Встретить ректора в столь благодушном настроении я никак не ожидал. Завязалась беседа. Я узнал, что он уже успел побывать в Петербурге и решил по отношению к семинарии взять курс решительный и крутой.
Мне хотелось знать, чем он объясняет трагическое событие: был ли это акт безумия или проявление коллективного недовольства. О.Никон мне доказывал, что всему виной старая, скверная закваска, гниль, которая проела семинарские порядки; он обвинял жену инспектора, которая поселила раздор между главными начальствующими лицами, что отразилось и на настроении семинаристов. По мнению о. Никона, надлежало приняться без промедления за выкорчевывание зла. Исключение 75 семинаристов и было началом этого "выкорчевывания".
Суд над "бунтовщиками" состоялся до моего приезда, и это было большим для меня облегчением. Тяжесть соучастия в нем Господь от меня отвел, но все же мне предстояло пережить мучительное испытание — объявлять осужденным семинаристам состоявшиеся о них приговоры. С этого испытания моя инспекторская служба и началась.

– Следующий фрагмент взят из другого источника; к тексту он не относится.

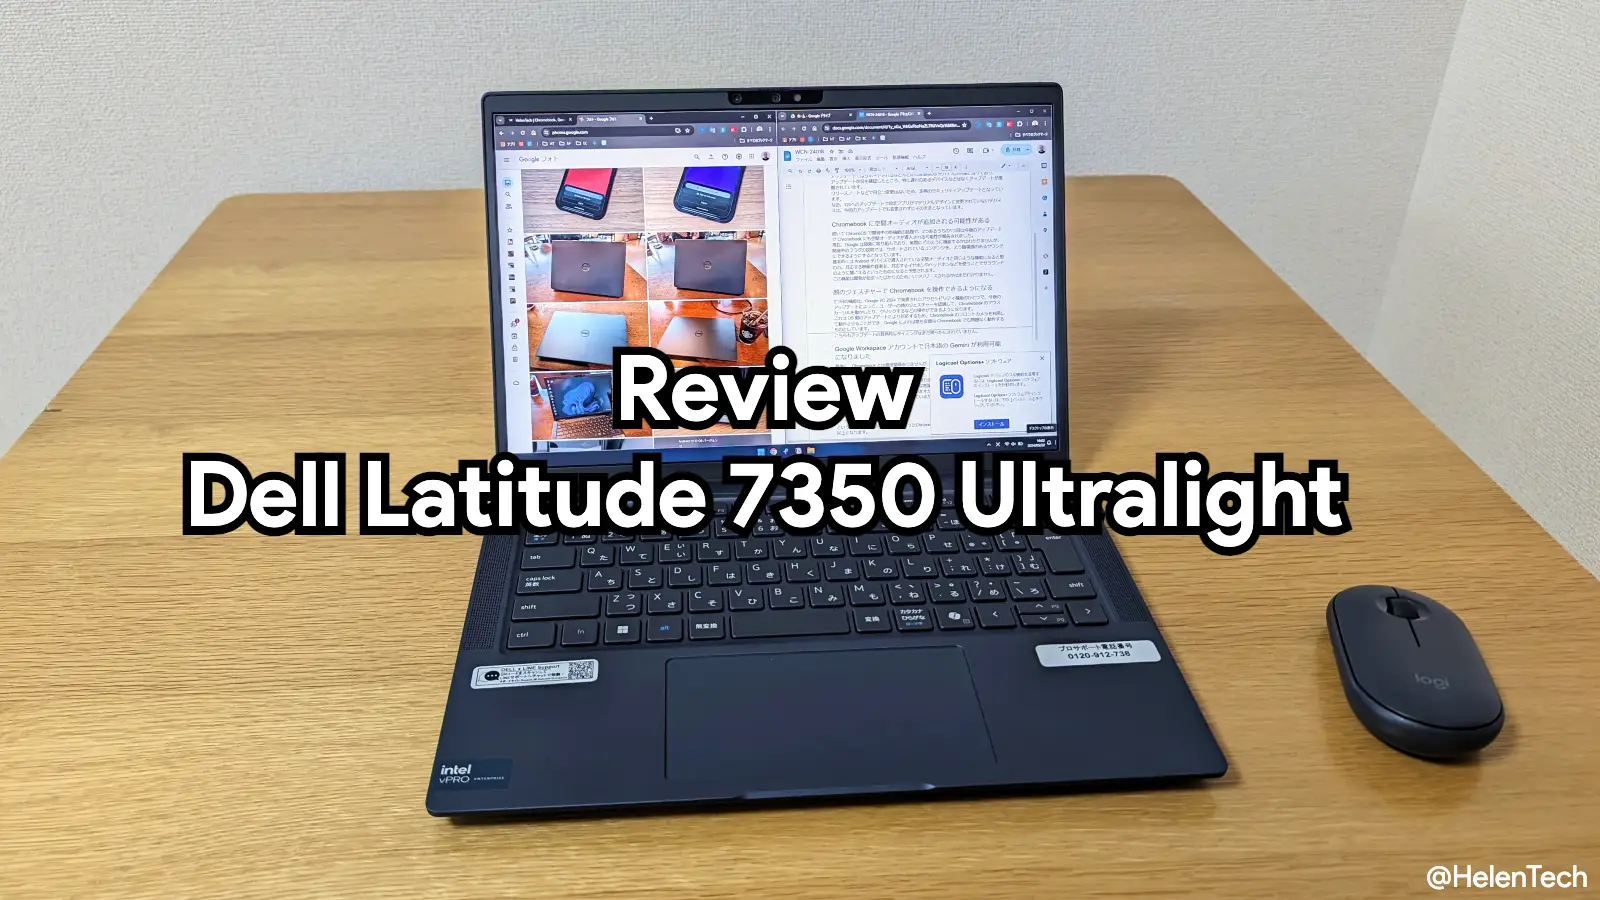 Dell Latitude 7350 Ultralight の実機レビューのヒーロー写真

Я приехал 16 августа, 17-18-го стали съезжаться семинаристы. Проскрипционные списки у меня в руках… Ученики вручают мне свои отпускные билеты. Я заглядываю в списки…
— Вы уже не состоите…
От этих слов одни бледнеют, другие краснеют… У всех вид затравленных зайцев.
— За что? Почему?..
— Я новый человек. Я ничего не знаю, — говорю я.
Некоторые семинаристы уходят, с озлоблением хлопнув дверью.
Не найдешь фамилии в списках, скажешь "идите", — и просияет юноша, за минуту до того дрожавший от страха.
За этой пыткой моей последовала другая: просьбы, слезы, рыдания родителей, провинившихся учеников. Знаешь, что исключение из семинарии для семьи ужас, слезы… — и в растерянности недоумеваешь, что сказать какой-нибудь бедной диаконице, издалека притащившейся в город, когда все ее мольбы и плач напрасны…
Хотя я был лишь исполнителем чужих постановлении, а недоброе чувство ко мне у родителей и учеников все же возникало.
Городское общество тоже меня встретило недоброжелательно. Виною всех трагических событий оно считало монашеское начало в системе управления. Если бы во главе семинарии стоял семейный протоиерей, ничего бы не случилось! А тут — еще один монах… Мало нам ректора!
Такова была "теснота", в которой я поначалу очутился. Сознавал, что детям и обществу я лицо чуждое, враждебное, и этим мучился. "Ах, как трудно! как мне трудно…" — писал я епископу Иринею.
Молодой, неопытный педагог, я сначала не знал, как к моим воспитанникам и подойти, и, признаюсь, их побаивался. Потом увидал, что они, запуганные строгой расправой, меня тоже боятся. Тогда я поставил себе задачей найти путь сближения. Мне хотелось понять их юные души.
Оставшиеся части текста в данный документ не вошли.